All four elements present. Methodology explicitly justified against research questions. Each method maps to specific questions. Alternatives considered and rejected with reasoning. Choice appropriate to context.

4Good

At least three of four elements present. Methodology justified and mapped; alternatives or context partial.

3Adequate

Methodology named and broadly tied to questions but justification thin. Alternatives not considered. Context fit assumed.

2Needs Improvement

Methodology named without justification. No method-question mapping.

1Inadequate

No methodology described or disconnected from research questions.

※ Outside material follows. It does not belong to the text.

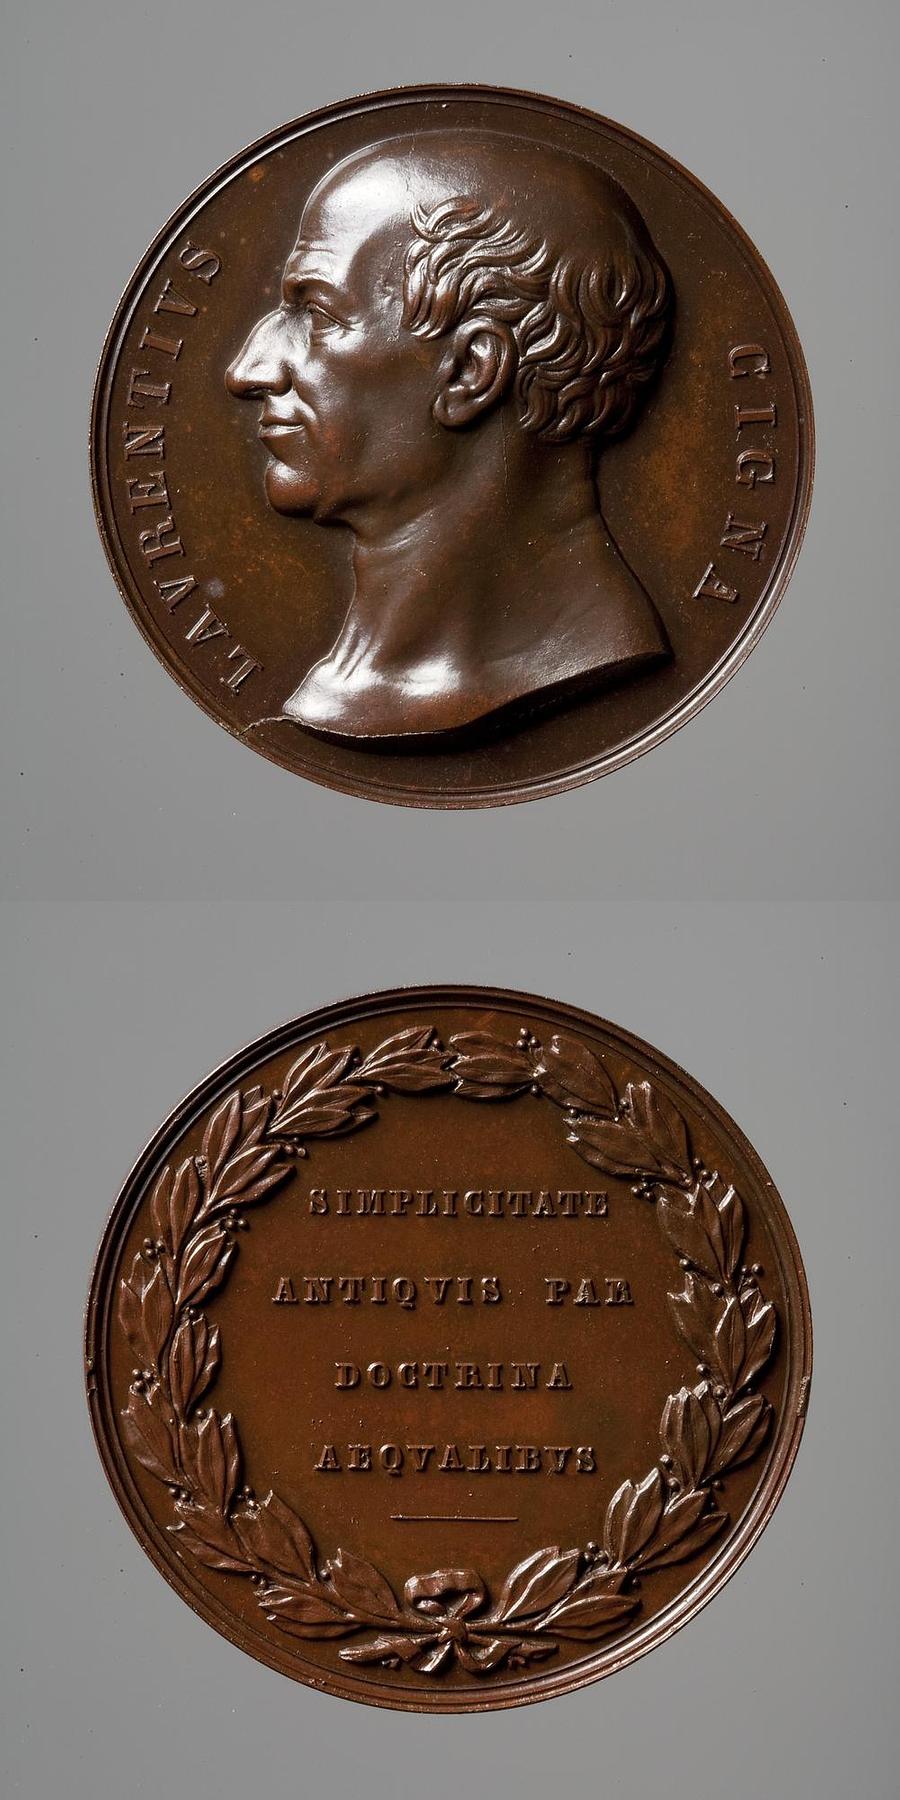 Medal obverse: Larentius Cigna. Medal reverse: Laurel wreath and inscription, F67

Sampling and Data Source Adequacy
5Excellent

All four elements present. Sample size or coverage justified. Sampling method appropriate to question type. Inclusion/exclusion criteria operational. Sample frame documented.

4Good

At least three elements. Sample size justified and method appropriate; criteria or frame partial.

3Adequate

Sampling described but justification weak. Criteria implicit. Frame partially documented.

2Needs Improvement

Sampling described with minimal justification. Coverage adequacy unclear.

1Inadequate

No sampling rationale or sample frame.

Triangulation and Multi-Method Strategy
5Excellent

All four elements present. Multiple sources/methods for key questions. Triangulation strategy explicit. Methods address different aspects. Sources complement rather than duplicate.

4Good

At least three elements. Multiple methods used; triangulation strategy partial or some methods overlap.

3Adequate

Multiple methods present but triangulation logic vague. Methods overlap on coverage.

2Needs Improvement

Single method or two methods used redundantly. No triangulation strategy.

1Inadequate

Single method without acknowledgment of limitations.

Data Quality Safeguards
5Excellent

All four elements present. QA procedures documented. Consistency checks specified. Pretesting or piloting planned for primary data. Cleaning protocols specified.

4Good

At least three elements. QA and pretesting documented; consistency or cleaning partial.

3Adequate

Some QA procedures named but not operationalized. Pretesting mentioned but not described. Cleaning absent.

2Needs Improvement

Generic mention of "quality" without specific procedures. No pretesting plan.

1Inadequate

No data quality safeguards described.

Transparency, Limitations, and Bias Mitigation
5Excellent

All four elements present. Limitations specific (not generic). Biases named with concrete mitigation strategies. Assumptions documented. Replication feasible from documentation.

4Good

At least three elements. Limitations and biases named; mitigation or replicability partial.

3Adequate

Generic limitations. Biases mentioned without mitigation. Assumptions implicit.

2Needs Improvement

Limitations are boilerplate. No bias acknowledgment.

1Inadequate

No limitations, biases, or assumptions documented.

Score Interpretation

Total (out of 25)BandNext Step
22-25StrongMethodology is rigorous. Use as-is or with minor refinements.
17-21AdequateAddress flagged dimensions before fielding. Most likely fix: tighten triangulation strategy and add specific limitations with mitigation.
11-16Needs RevisionSubstantial revision required. Use Revise prompt to identify and fix rigor gaps.
5-10Substantial RevisionMethodology is too thin to defend in peer or donor review. Rebuild starting from method-question fit and sampling justification.